25.06.2025 15:02
Yaygın internet kesintileri, Kenya'da 25 Haziran protestolarıyla eş zamanlı olarak ülkenin tarihindeki en büyük protestoları felç etti. Yetkililer, gösterilerle ilgili iletişimi bastırmaya çalışarak, önemli hizmet kısıtlamalarına yol açan önlemler uyguladı. Bu eylemler, geçen yıl 2024 Maliye Tasarısı'na karşı yapılan hükümet karşıtı gösteriler sırasında kullanılan benzer taktiklerin bir devamıdır.
Özellikle, birkaç internet servis sağlayıcısı (ISS), mesajlaşma uygulaması Telegram'ı hedefleyerek, hem mobil uygulamasına hem de web sitesine erişimi kısıtladı. Bu bilgiler, sosyal medya, ağ izleme grupları ve dijital hak örgütleri de dahil olmak üzere çeşitli kaynaklardan toplanan raporlardan geliyor. NetBlocks ve Açık Ağ Müdahalesi Gözlemevi'nden (OONI) gelen gerçek zamanlı veriler bu kısıtlamaları doğruluyor.
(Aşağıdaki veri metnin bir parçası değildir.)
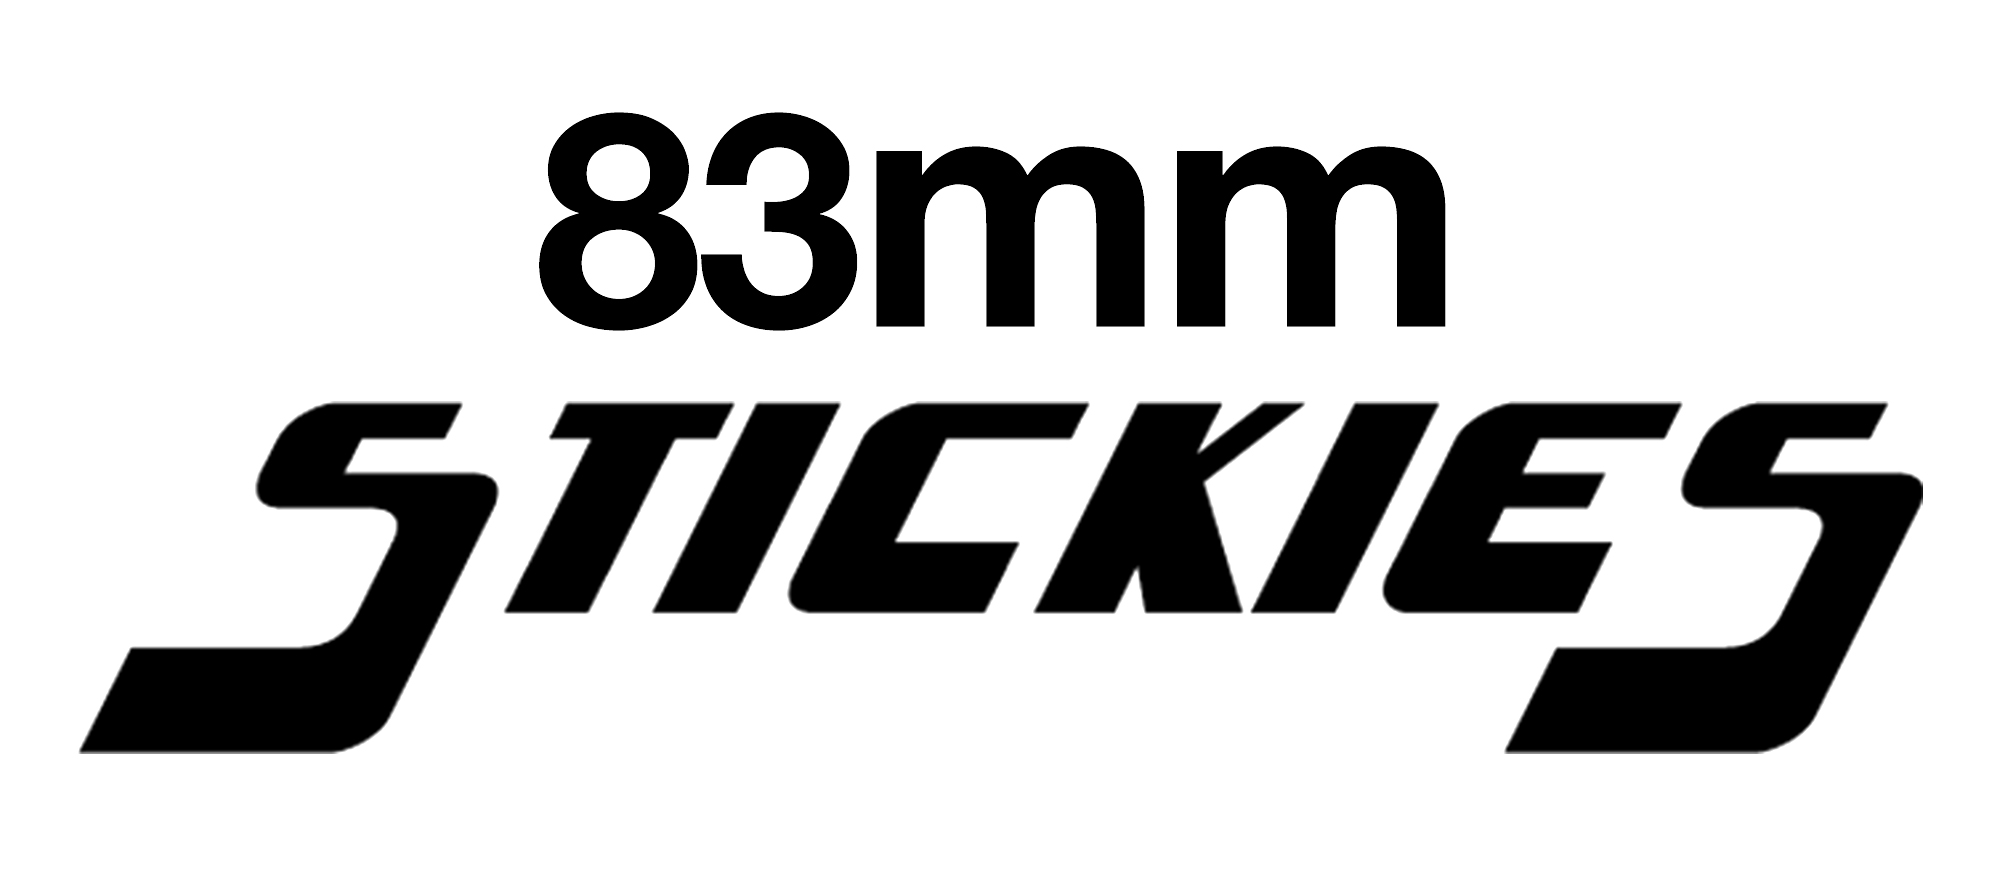 83mm STICKIES Longboard Wheels

Ayrıntılı analiz, bu kesintilerin boyutunu ortaya koyuyor. NetBlocks tarafından 11:50 UTC'de Safaricom Limited (AS33771) üzerinde yapılan bir ağ ölçümü, Telegram'a erişimin ciddi şekilde sınırlı olduğunu ve genel zaman aşımı hatalarına yol açtığını gösterdi. Benzer şekilde, NetBlocks tarafından bildirildiği üzere, Faiba (JTL) ve Liquid Telecom, Telegram'ın web arayüzü ve bağlantı kısaltıcı işlevlerinde neredeyse tamamen kesinti yaşadı. Safaricom, sınırlı bir erişilebilirlik ( %10-14) sergilemiş olsa da, bu muhtemelen tamamen kapatma yerine hız düşürme olduğunu gösteriyor, iletişim üzerindeki etki önemli olmaya devam ediyor. Tatua Merkezi tarafından yapılan bağımsız doğrulama, bu bulguları destekleyerek kısıtlamaların yaygın doğasını vurguladı.
Protestoların canlı medya yayınlarını yasaklayan hükümetin eylemleri, potansiyel daha geniş bir internet kesintisine ilişkin endişeleri vurguluyor. NetBlocks ve Tatua Merkezi tarafından gerçek zamanlı veriler ve OONI sonda testleri aracılığıyla belgelenen Telegram'daki bu kısıtlamalar, Kenya'daki yaygın iç karışıklıklar arasında ifade özgürlüğü ve bilgiye erişime önemli bir meydan okuma oluşturmaktadır. Durum, siyasi gerilimler sırasında düzeni sağlamak ve temel dijital hakları savunmak arasındaki hassas dengeyi vurguluyor.